Die „one-size-fits-all“-Geldpolitik funktioniert im Euro-Raum offensichtlich nicht.
Das Dilemma ist, an wessen Volkswirtschaft sich die EZB orientieren soll, wenn
es um die Gestaltung der Geldpolitik geht: Deutschland oder Irland?
Man denke an den Euro-Raum als
ganzes: einzelne Schocks oder fiskalpolitische Massnahmen wirken sich sowohl
auf Deutschland als auch auf den Rest des Euro-Raums, einschliesslich
Peripherie aus.
Ein Beispiel: Angenommen es kommt
zu einer scharfen fiskalischen Kontraktion in Südeuropa. Welche makroökonomische
Implikationen würden daraus hervorgehen? Die Geldpolitik müsste gelockert
werden, um via Zinssenkung kontraktiven Effekten der Austerität entgegenzuwirken.
Paul Krugman zeigt den Verlauf des Ganzen anhand eines einfachen IS-LM-Modells.
Die EZB müsste also auf den
Fiskal-Schock mit Zinssenkung reagieren. Da Deutschland aber nicht so harsche
Sparmassnahmen getroffen hat wie Südeuropa, würde die Zinssenkung in
Deutschland eine Wirtschaftsleistung über dem Potenzialwachstum auslösen und zu
einem Anstieg der Inflation führen, wodurch die deutsche Wettbewerbsfähigkeit negativ
tangiert würde.
Das ist, wie das Ganze sich nach
dem Lehrbuch abspielen würde. Es ist aber in der Praxis nicht der Fall. Warum
nicht? Weil die EZB sich zurückhält, eine expansive Geldpolitik zu betreiben,
trotz der restriktiven Fiskalpolitik an der EU-Peripherie, wie Simon Wren-Lewis erklärt. Die EZB hat in der
Tat zu lange gewartet und erst vergangene Woche die Zinsen gesenkt. Daher
findet sie sich jetzt plötzlich nahe Nullgrenze (zero lower bound).

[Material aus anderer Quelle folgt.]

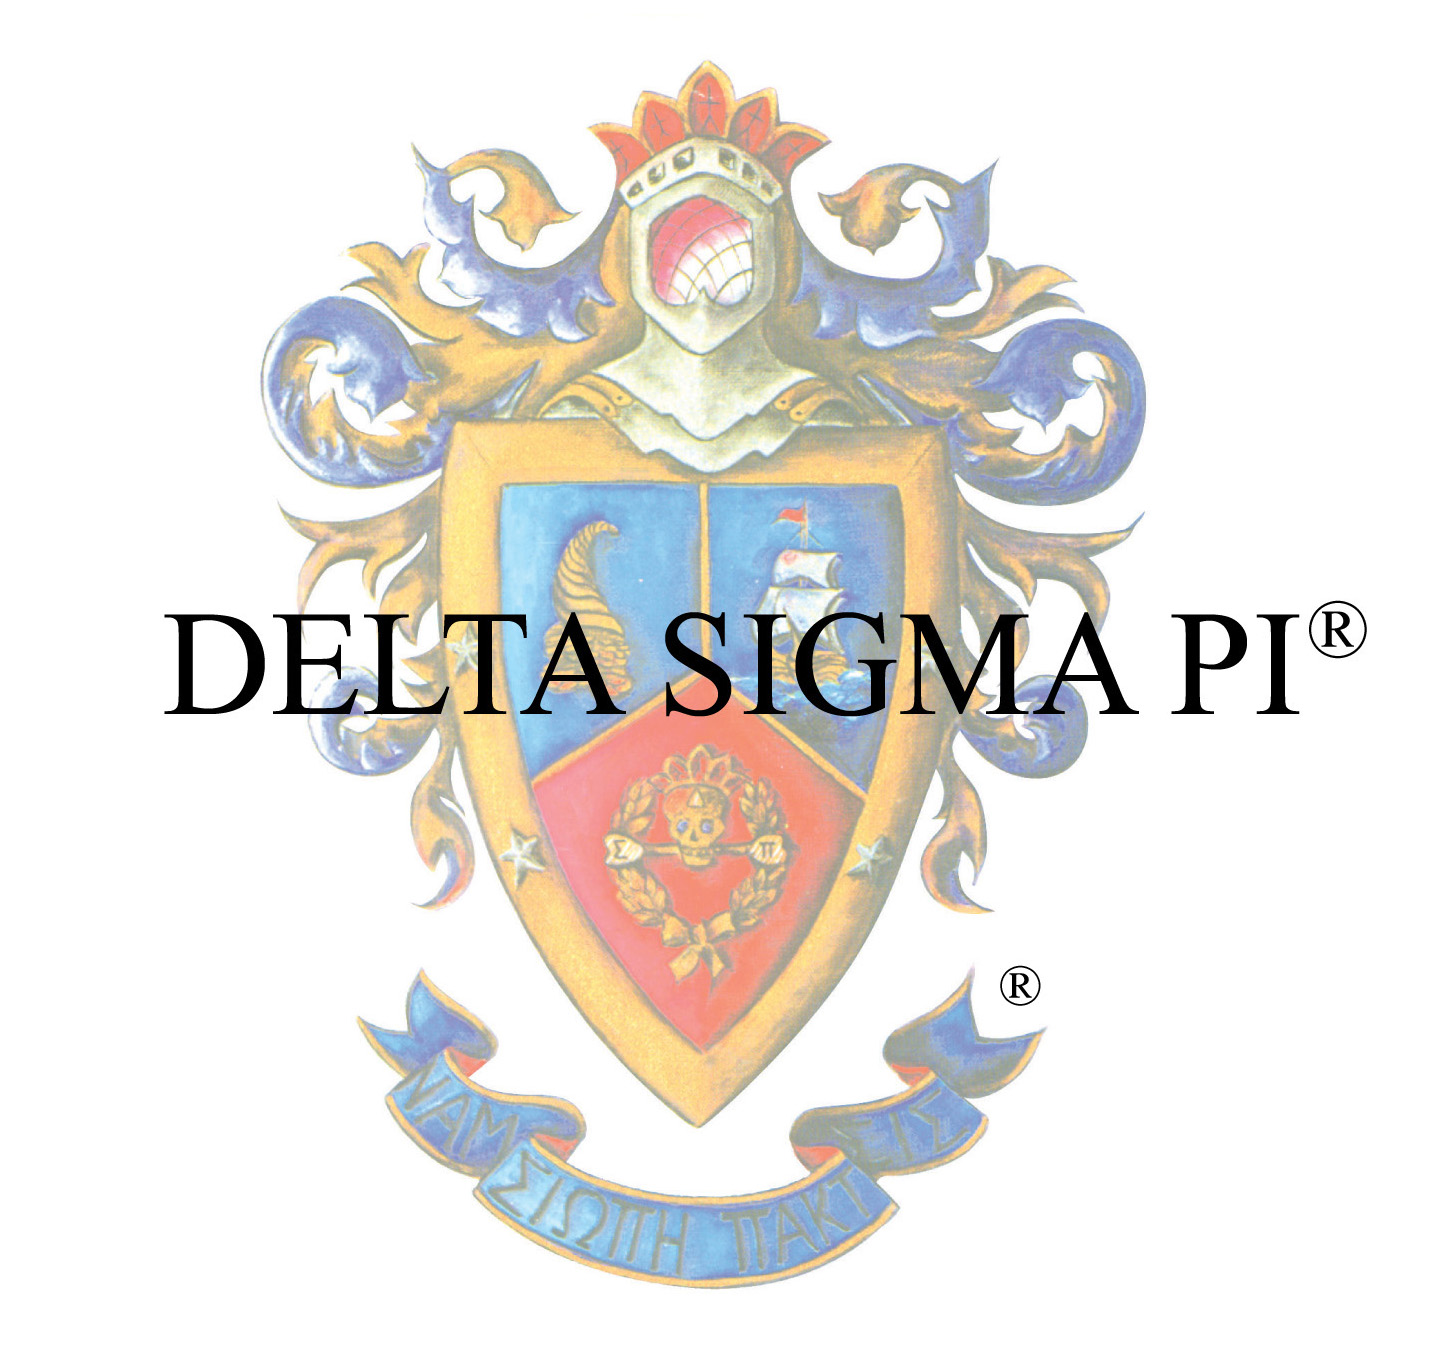 Alternate Delta Sigma Pi logo 2
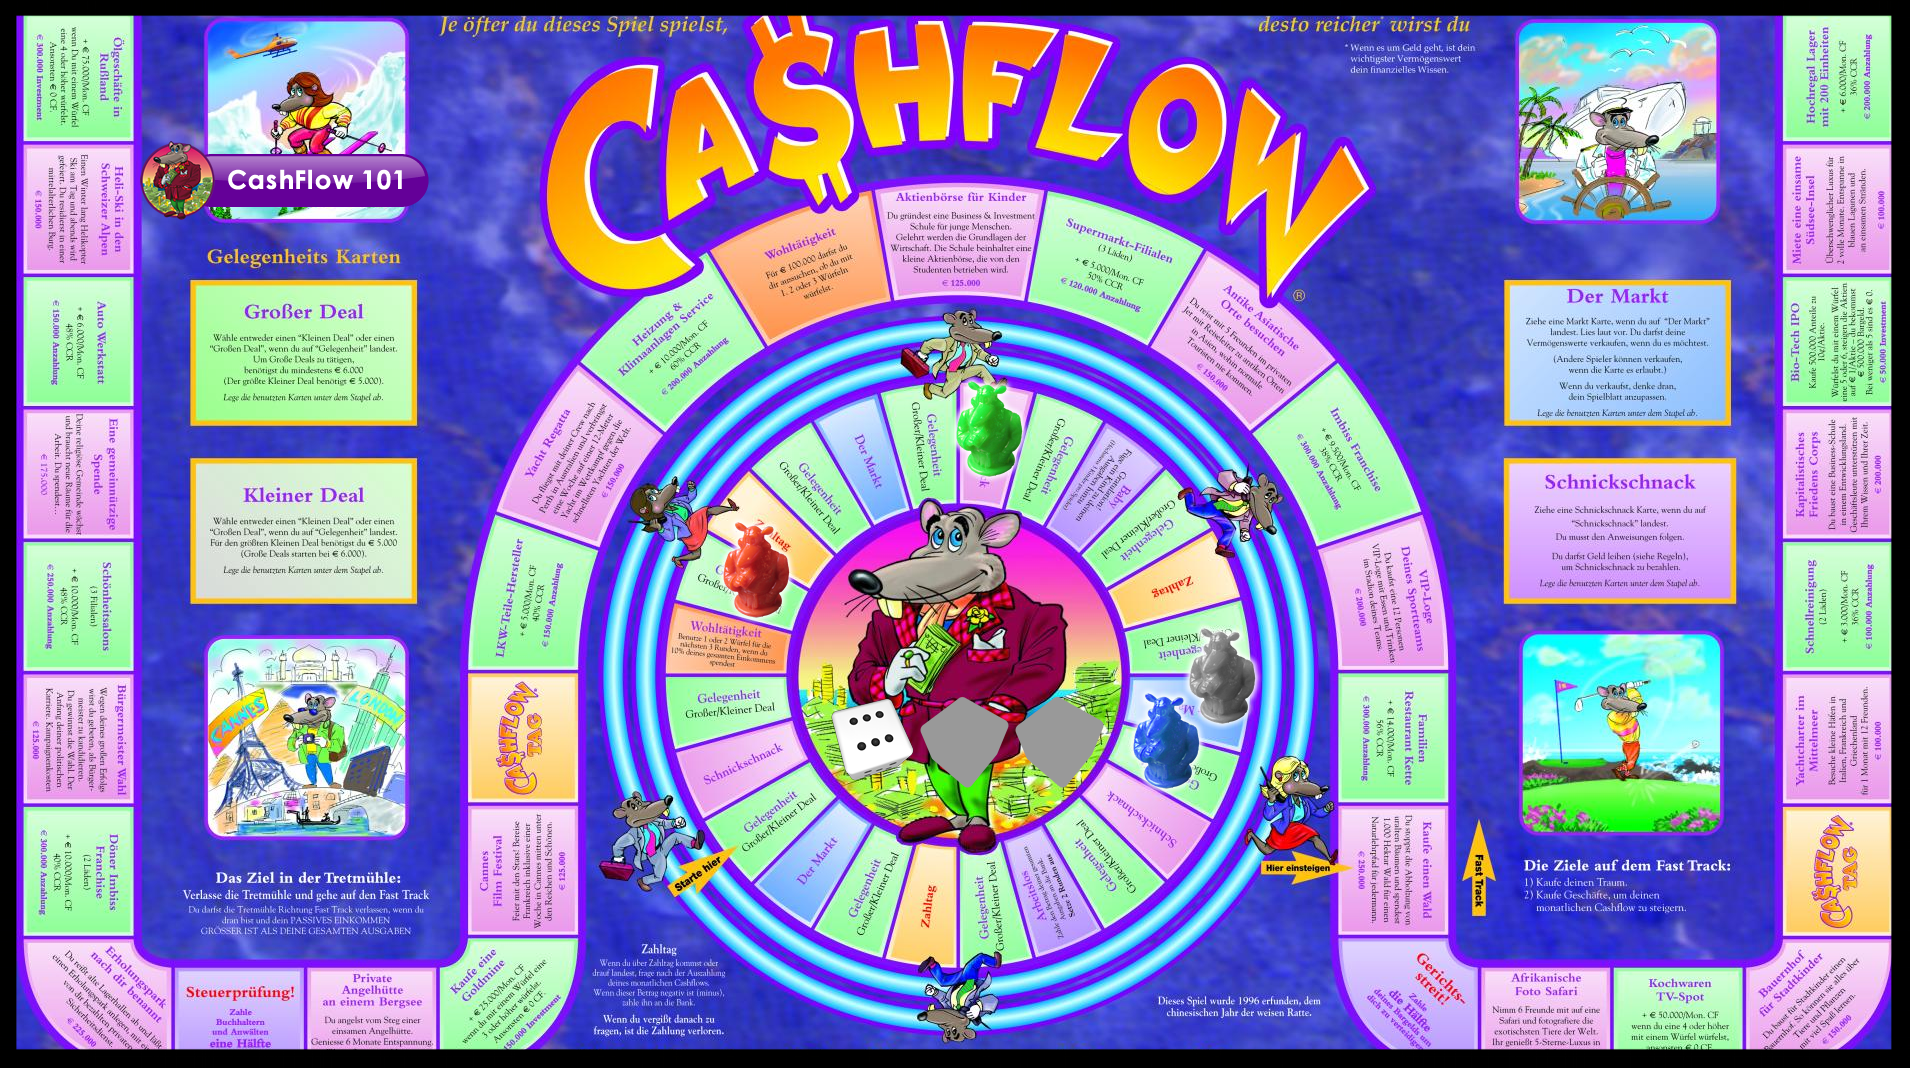 what is cashflow 101

Primary Financial Balance: Deutschland versus
Euro-Raum, Graph: Prof. Simon Wren-Lewis
Finanzierungssaldo ohne Zinszahlungen
auf den Schuldenstand
Fiskalpolitische Kontraktion wird
also durch monetäre Expansion nicht ausgeglichen. Das heisst, dass der
kontraktive Kurs im Süden nicht durch eine expansive Fiskalpolitik im Norden nicht kompensiert.
Und daraus ergeben sich einige schwere Verwicklungen:
(1)
Der Abschwung im Süden wird tiefer als sonst.
(2) Die ganze Last der Anpassung
wird auf der Schulter der Peripherie getragen, und
(3) Es entsteht kein
Preisdruck in Deutschland, weil es inzwischen keine expansive Effekte gibt. Folglich kommt
es zu deflationären Tendenzen im Süden, und zwar mit hohen Kosten, was die
Schuldenproblematik zusätzlich verstärkt, weil die reale Last steigt.
Wie reagiert die aggregierte Geldpolitik im Euro-Raum auf
die kontraktive Auswirkung der Austerität – Erklärung anhand eines IS-LM Modells,
Graph: Prof. Paul Krugman
Deutschland ist zwar stolz auf
seine wirtschaftliche Leistung zwischen den späten 1990er Jahren und 2007. Was
aber nicht vergessen werden darf, ist, dass die deutsche Wirtschaft damals von
einem höchst lockeren Kurs der Geldpolitik profitiert hat, was heute der Peripherie
versagt bleibt.
Wren-Lewis bringt es högflich zum
Ausdruck, dass Deutschland die EZB entweder unter Druck setzt, die Geldpolitik im
Interesse der deutschen Wirtschaft zu gestalten, oder es nutzt die Unfähigkeit
der EZB, Inflationsziel in einer Liquiditätsfalle zu erfüllen, aus, indem es durch
eine restriktive Fiskalpolitik die Inflation unter die Zielmarke druckt. Was
aber noch schlimmer ist, dass die EU-Kommission dabei stumm bleibt und weiter
zuschaut, wie die Menschen im Süden leiden.